Even when Corbyn posed a question from a constituent named Karen, concerning the way in which she will be potentially severely affected by the tax credit cuts as a low earner, the Prime Minister could not give a straight answer. But this is unsurprising: as one SNP member pointed out later on in the proceedings, the reason David Cameron chose not to include this policy in his manifesto - and the reason he promised before the election not to do it - is because he knows if he had done, he would not have been elected. Pushing working families into poverty even goes against the most right wing Tory rhetoric about those mythical “benefit scroungers”.
Corbyn asked the Prime Minister to guarantee that no child would be worse off next year as a result of his tax credit policy. The Tory response was the same as always: this was about “transforming the UK economy”, that squirming Tory platitude used currently as a get-out-of-jail-free card. Corbyn asked him again, and the Prime Minister said his proposals would be made clear in the Autumn Statement. And so it goes on, and on, and on.
The truth is, the Prime Minister doesn’t have a response for those hard-working people who look set to lose out – many of whom may have voted Conservative at the last election. This government has demonstrated what it is all about now, and it can’t hide behind the “we’re for working people” line any longer: it is about cutting corporation tax for the wealthiest businesses, cutting inheritance tax for the 500 wealthiest families, celebrating the obscenely rich 1 per cent and cementing the position of the wealthy.
The Tories won the last election on a tide of support for work, rather than welfare. But it is this government that could hit working people harder than any government since Thatcher’s. The government today abandoned their line that eight in ten families will be better off and has instead moved to make this a debate about the wider economy. But this fell foul in the face of Corbyn’s sensibly pitched grassroots mentality.
Again, the Tories failed to accept that there is a human element to this change. These names that they see on their Excel spreadsheets in the Treasury office are not plucked from thin air. They are real people, with real jobs, real children, real dreams and real aspirations.

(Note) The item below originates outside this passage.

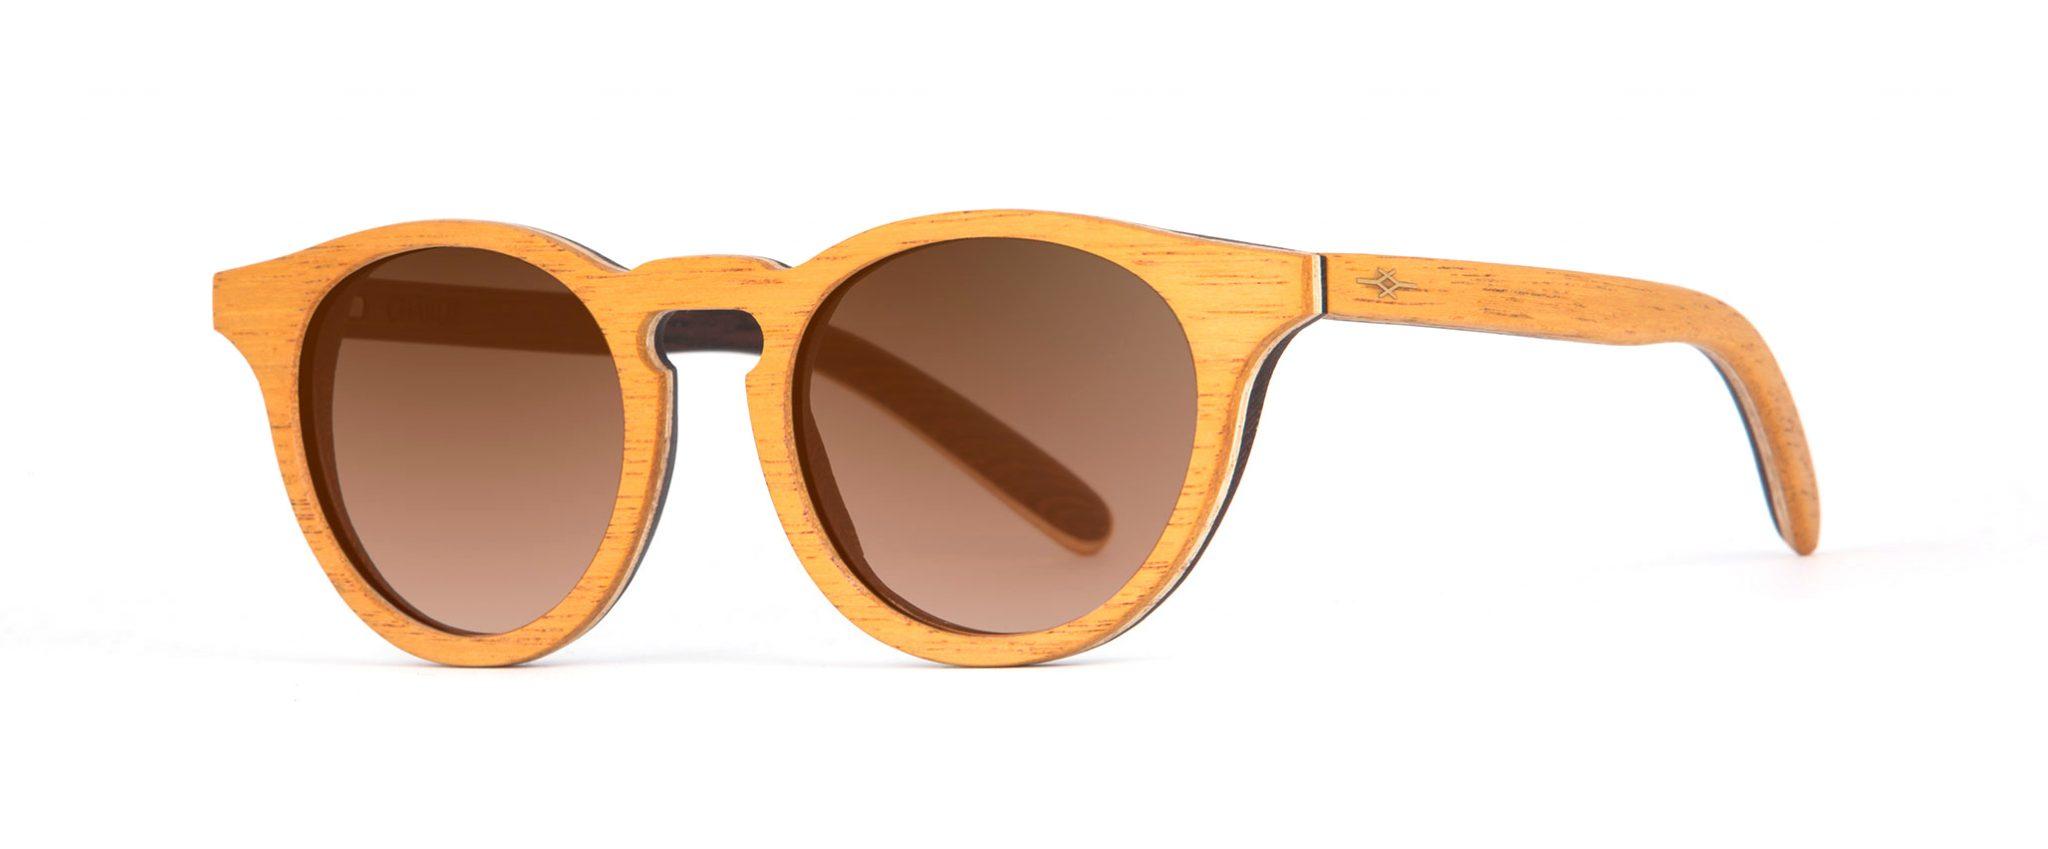 https://vakayeyewear.com/wp-content/uploads/2017/03/charlie-side-badi-sunglasses-designer-eyewear.jpg

Today, the Prime Minister confirmed that the Tory party has abandoned such people. In his place, Jeremy Corbyn continues to lead the campaign for the Labour party to once again become the party of decent, hard-working people. As Tory support for the rich grows and the Prime Minister moves ever further right, perhaps those critical of Corbyn’s perceived radicalness will welcome the balance he realistically provides.